Researchers like Dr. Neff collect ice cores by drilling miles into Antarctic ice sheets. Once removed, packaged, and carefully shipped by plane to labs around the world, the data extracted from those ice cores can tell researchers how the Earth has responded in the past to major and minor changes in climate. Knowing how it has responded and behaved before has helped scientists around the world determine with near certainty that human greenhouse gas emissions are causing average global temperatures to increase at a relatively rapid pace. Further studies, like those being done now, may help specify what kind of changes we can expect as climates warm; allowing cities, countries, and humanity as a whole to prepare for the worst while (hopefully) trying to prevent those outcomes.
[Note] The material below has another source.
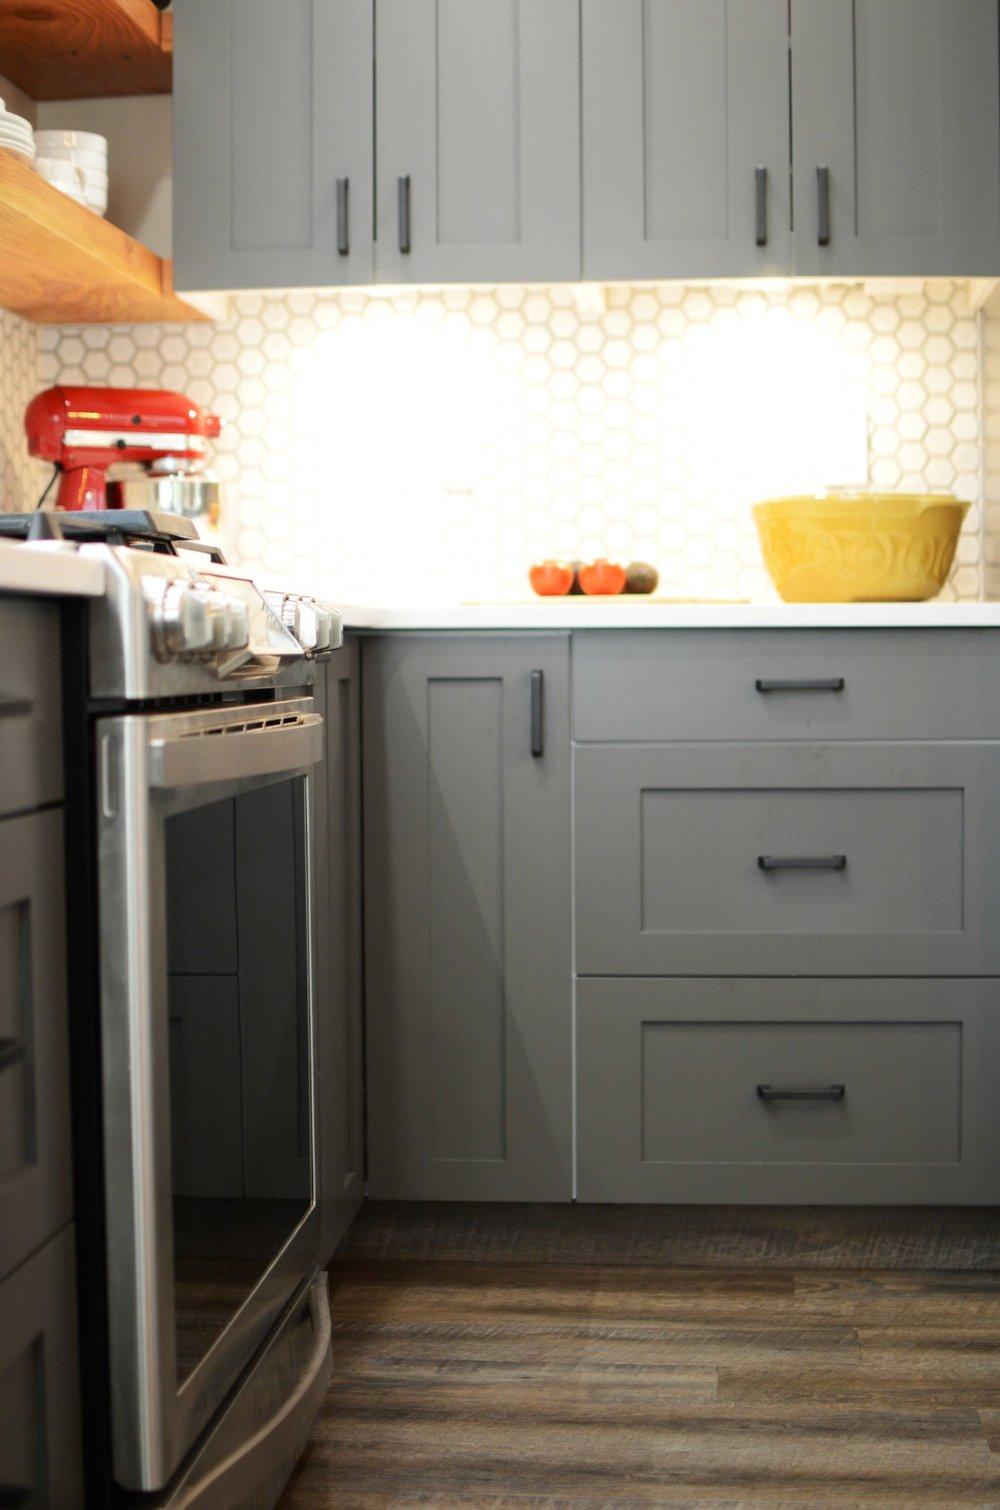 calgary-interior-design-kitchen-renovation-modern-farmhouse-9.jpg

COLDEX began testing Starlink in the field in early December 2022. It’s not entirely clear if that testing is still ongoing, but Dr. Peter Neff appears to be optimistic either way. In a January 21st tweet, the assistant professor and field research director said that he was excited “to see how [Starlink] & other modes of high-speed connectivity can advance [science] communication [and]…alter how we do science on the ice.”

Finding a balance

The National Science Foundation has been a part of both Antarctic Starlink experiments, thus far, and finds itself in a unique position. Through funding and other means, the government agency is aiding efforts to test the limits of the SpaceX network and discover how it can benefit science (and improve life) in some of the harshest environments on Earth. Simultaneously, NSF holds a sort of supervisory role over other aspects of SpaceX’s Starlink constellation.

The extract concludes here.